As in the simple linear aggression, the posterior estimates from the reference prior, that are in the table, are **equivalent to the numbers** reported from the `lm` function in R, or using the confident function in the OLS estimates. These intervals are centered at the posterior mean $\hat{\beta}_j$ with width given by the appropriate $t$ quantile with $n-p-1$ degrees of freedom times the posterior standard deviation $\text{se}_{\beta_j}$. **The primary difference is the interpretation of the intervals**. For example, given this data, we believe there is a 95% chance that the kid's cognitive score increases by 0.44 to 0.68 with one additional increase of the mother's IQ score. The mother's high school status has a larger effect where we believe that there is a 95% chance the kid would score of 0.55 up to 9.64 points higher if the mother had three or more years of high school. The credible intervals of the predictors `work` and `age` include 0, which implies that we may improve this model so that the model will accomplish a desired level of explanation or prediction with fewer predictors. We will explore model selection using Bayesian information criterion in the next chapter.

## Summary

We have provided Bayesian analyses for both simple linear regression and multiple linear regression using the default reference prior. We have seen that, under this reference prior, the marginal posterior distribution of the coefficients is the Student's $t$-distribution. Therefore, the posterior mean and posterior standard deviation of any coefficients are numerically equivalent to the corresponding frequentist OLS estimate and the standard error.

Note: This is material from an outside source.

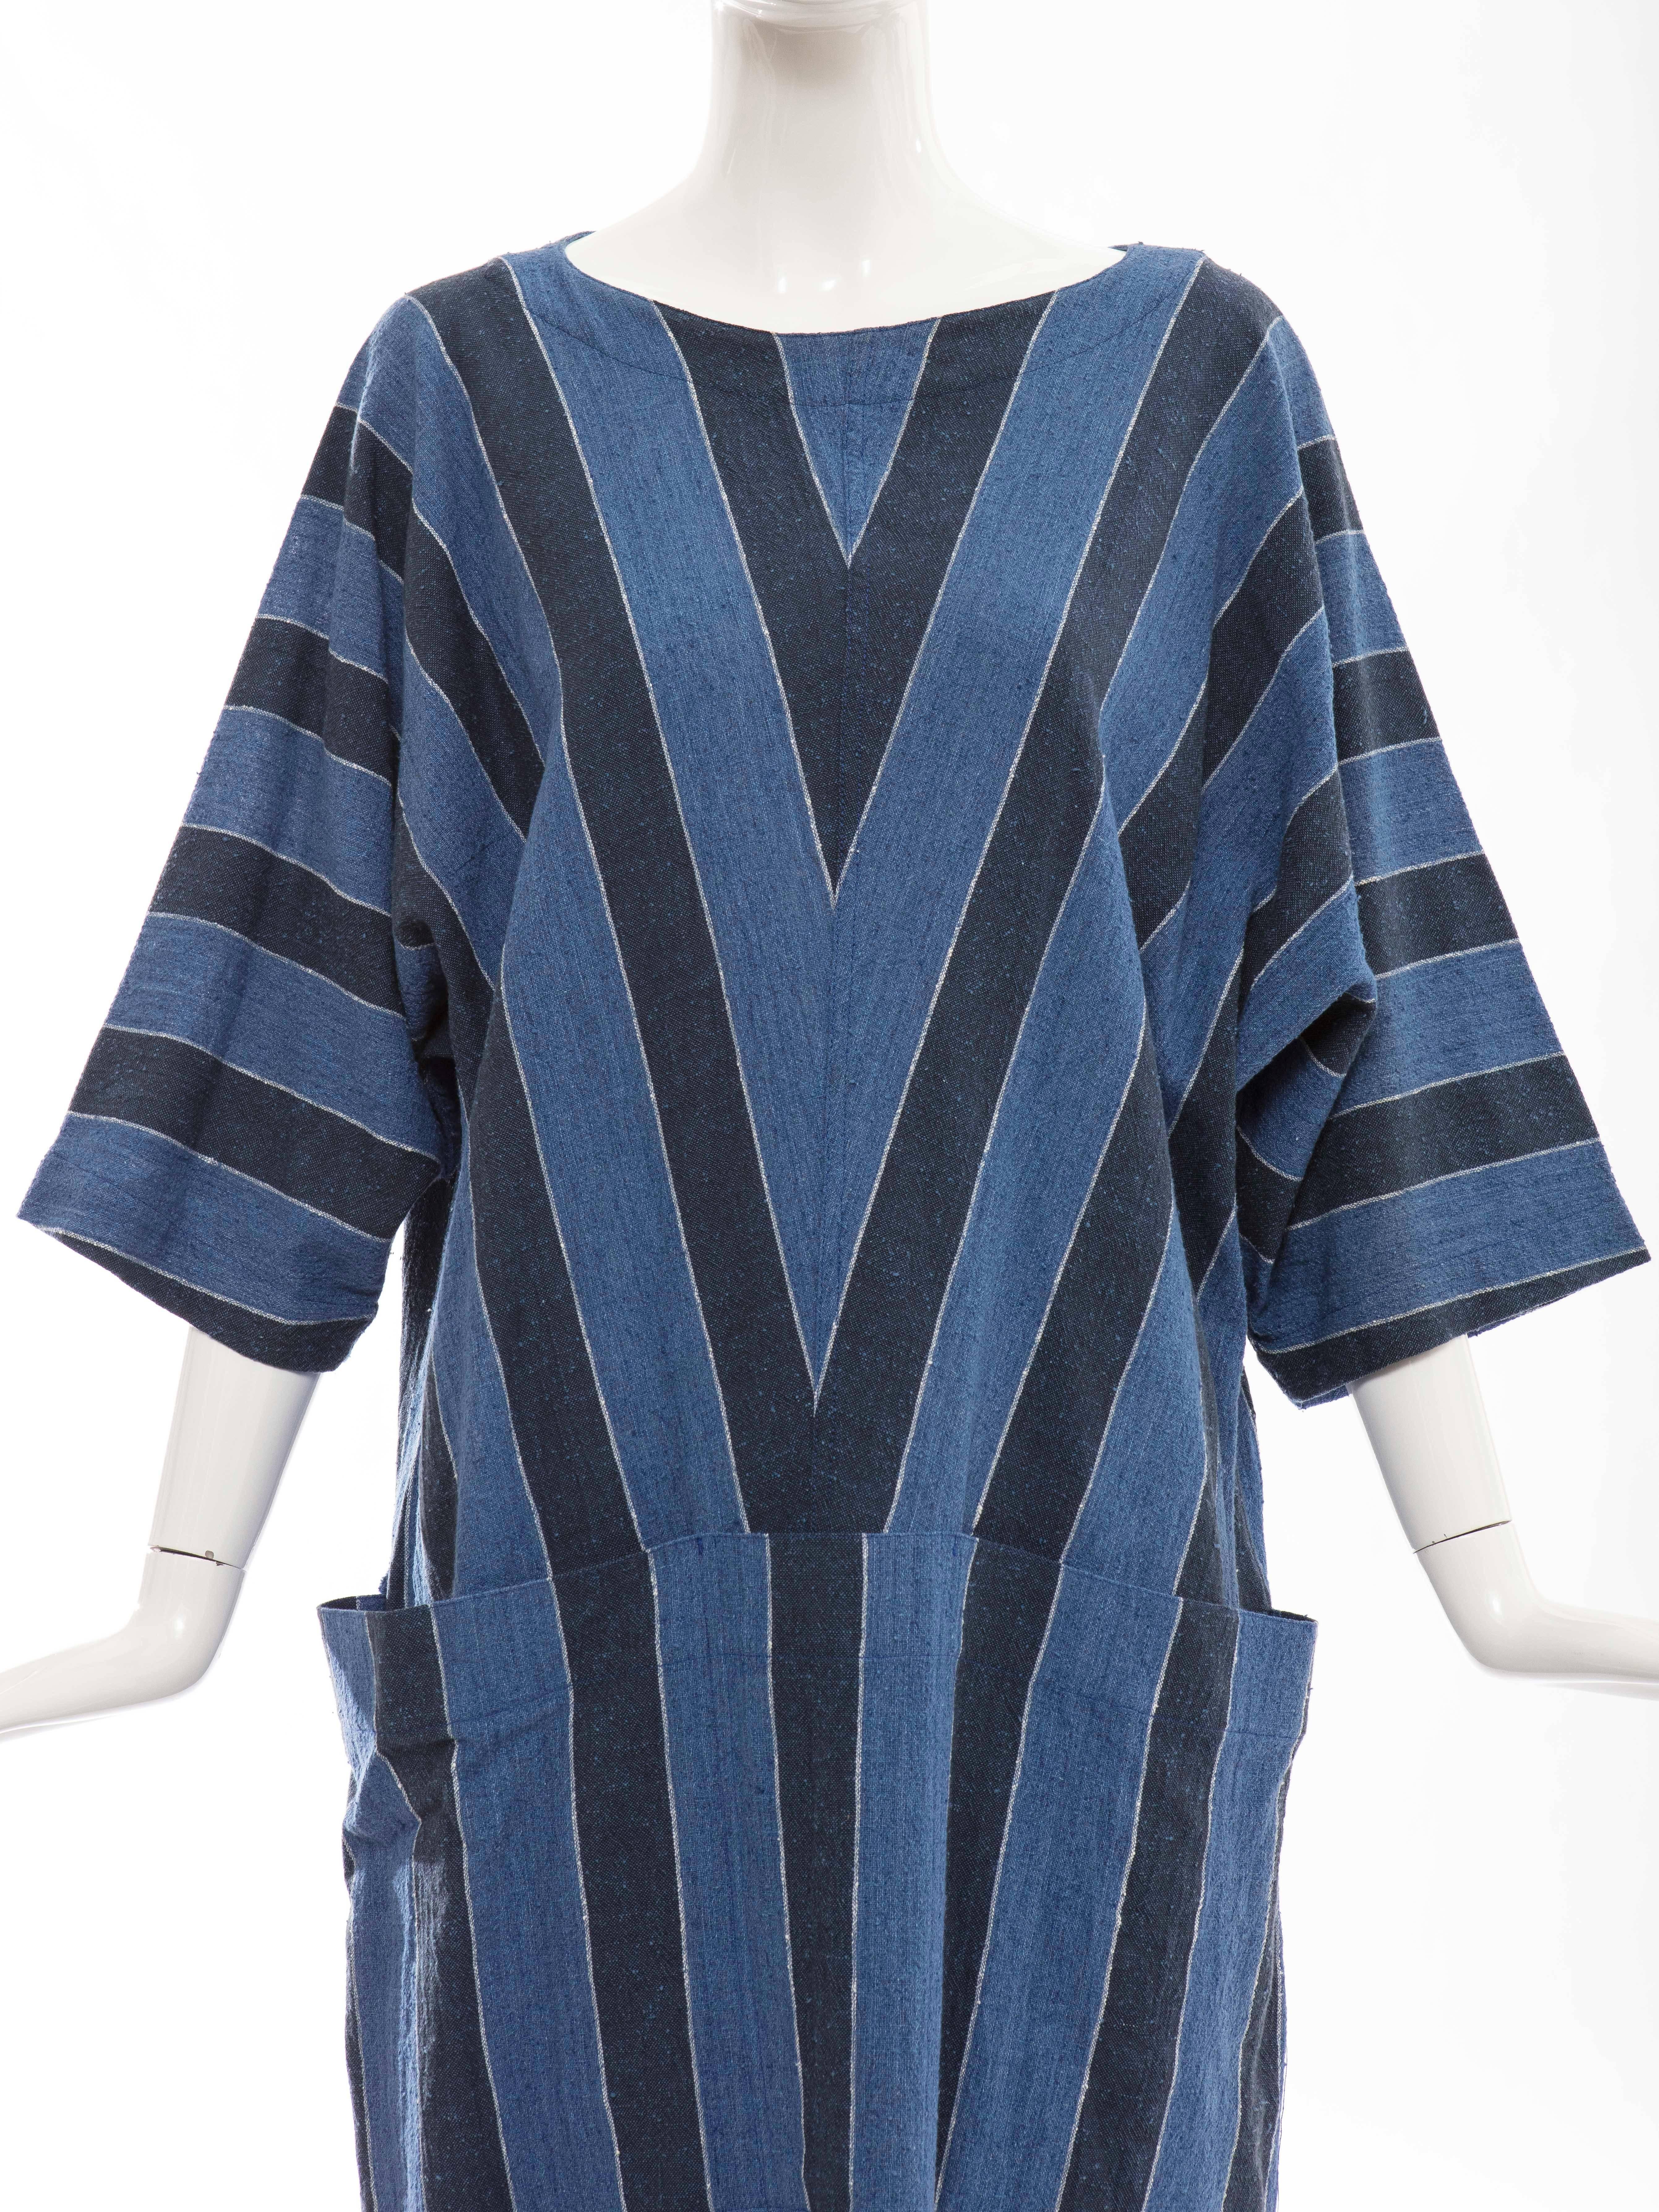 Blue Issey Miyake Plantation Woven Cotton Dress, Circa: 1980's For Sale

This has provided us a base line analysis of Bayesian approach, which we can extend later when we introduce more different coefficient priors.

The difference is the interpretation. Since we have obtained the distribution of each coefficient, we can construct the credible interval, which provides us the probability that a specific coefficient falls into this credible interval.

We have also used the posterior distribution to analyze the probability of a particular observation being an outlier. We defined such probabiilty to be the probability that the error term is $k$ standard deviations away from 0. This probability is based on information of all data, instead of just the observation itself.